DISCIPLINES
Poésie du sabre, et danses de guerriers
Les arts d’Orient exercent aujourd’hui une puissante fascination sur nos imaginaires. Il est vrai que depuis plus d’un siècle toutes nos formes d’arts contemporains ont connu un renouvellement d’inspiration puissant grâce à la découverte de possibilités, de puissances, de libertés nouvelles venues d’Orient. Sans doute le nimbe de mystère entourant nécessairement des formes d’art si difficiles d’accès, parce que si souvent différentes, et liées à des codes que nous ignorons, participe-t-il aussi efficacement de ce pouvoir d’attraction, qui se double ainsi d’un irrésistible désir de mieux connaître.
Or nous savons des choses, confusément.
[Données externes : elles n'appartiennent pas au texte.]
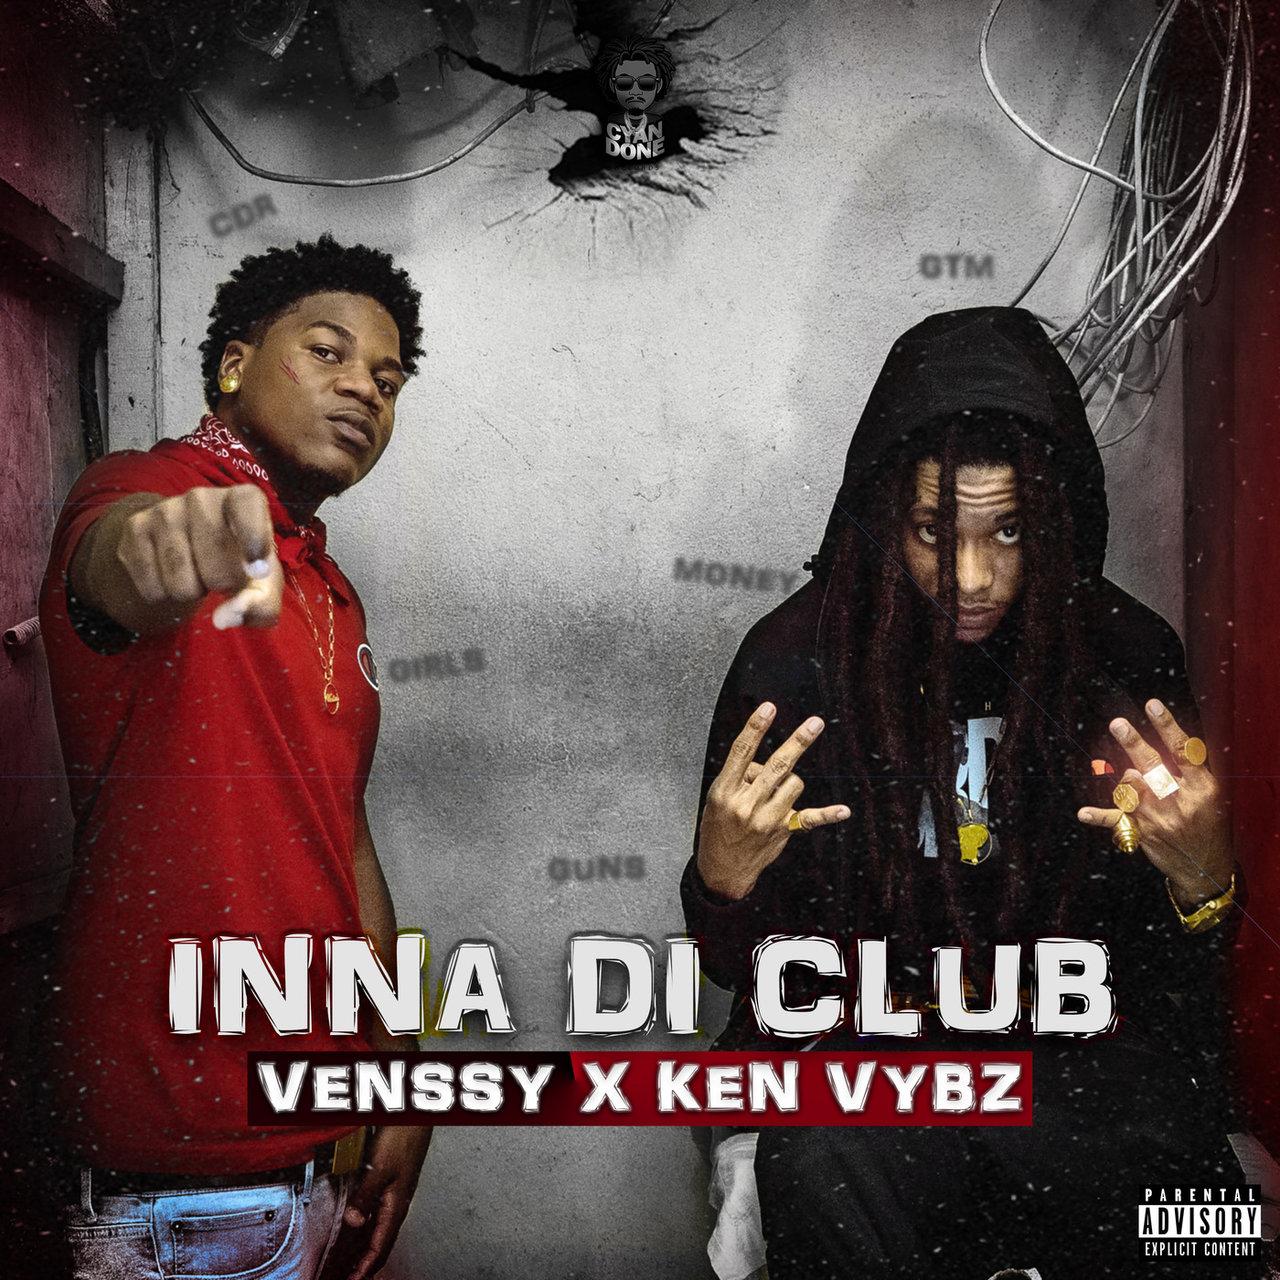 Venssy - Inna Di Club (ft. Ken Vybz) (Cover)

Nous avons entendu dire que là-bas, les arts sont unis : qu’une même science les innerve et les sous-tend,ce qui bien sûr nous fait songer à nos savants-artistes de la Renaissance et d’avant : hommes accomplis et complets, dont l’existence, paraît-il, ne serait plus possible aujourd’hui, du fait de nos sur-spécialisations.
Peut-être avons-nous aussi entendu qu’un éventail de Nô se manie comme un sabre, et que d’ailleurs ce théâtre-là était joué par des Samouraï,c’est à dire par des seigneurs guerriers, et que ces guerriers qui faisaient du théâtre jouaient même des rôles de femmes.
Et peut-être cela nous rappelle-t-il que ce que nous appelons danse baroque a été il y a trois siècles un exercice d’hommes dansant pendant l’hiver, en attendant que revienne la saison des combats – à moins que ce que nous avons compris de la danse de cour ne nous ramène qu’à l’esthétisme languide et énervé des nostalgies d’un temps inutilement révolu ; mais après tout, que savons-nous, nous que Nietzsche aurait traités d’Occidentaux décadents,de la théâtralité que doit déployer face à sa vie vraiment mise en jeu,l’homme qui vraiment combat ? Néanmoins, il est plus que probable que le Nô et le sabre, plus ou moins consciemment, nous ramènent à quelque conscience fondamentale d’identités profondes que nous portons, et auxquelles nous aspirons sans doute.
Masato Matsuura, maître de Nô et de sabre, et plus encore peut-être, grand artiste, grâce aux expériences inlassables, à toutes les explorations auxquelles il s’est livré va pouvoir projeter pour nous un peu d’éclaircissement sur ce que sont vraiment ces arts profonds et subtils, mais aussi puissamment concrets. Arts du geste et de la concentration de l’esprit, où le sabre devient fluide, où la danse de femme la plus dépouillée est nue et pure comme une lame : sabre de vie ou danses suspendues comme flammes entre la terre et le ciel.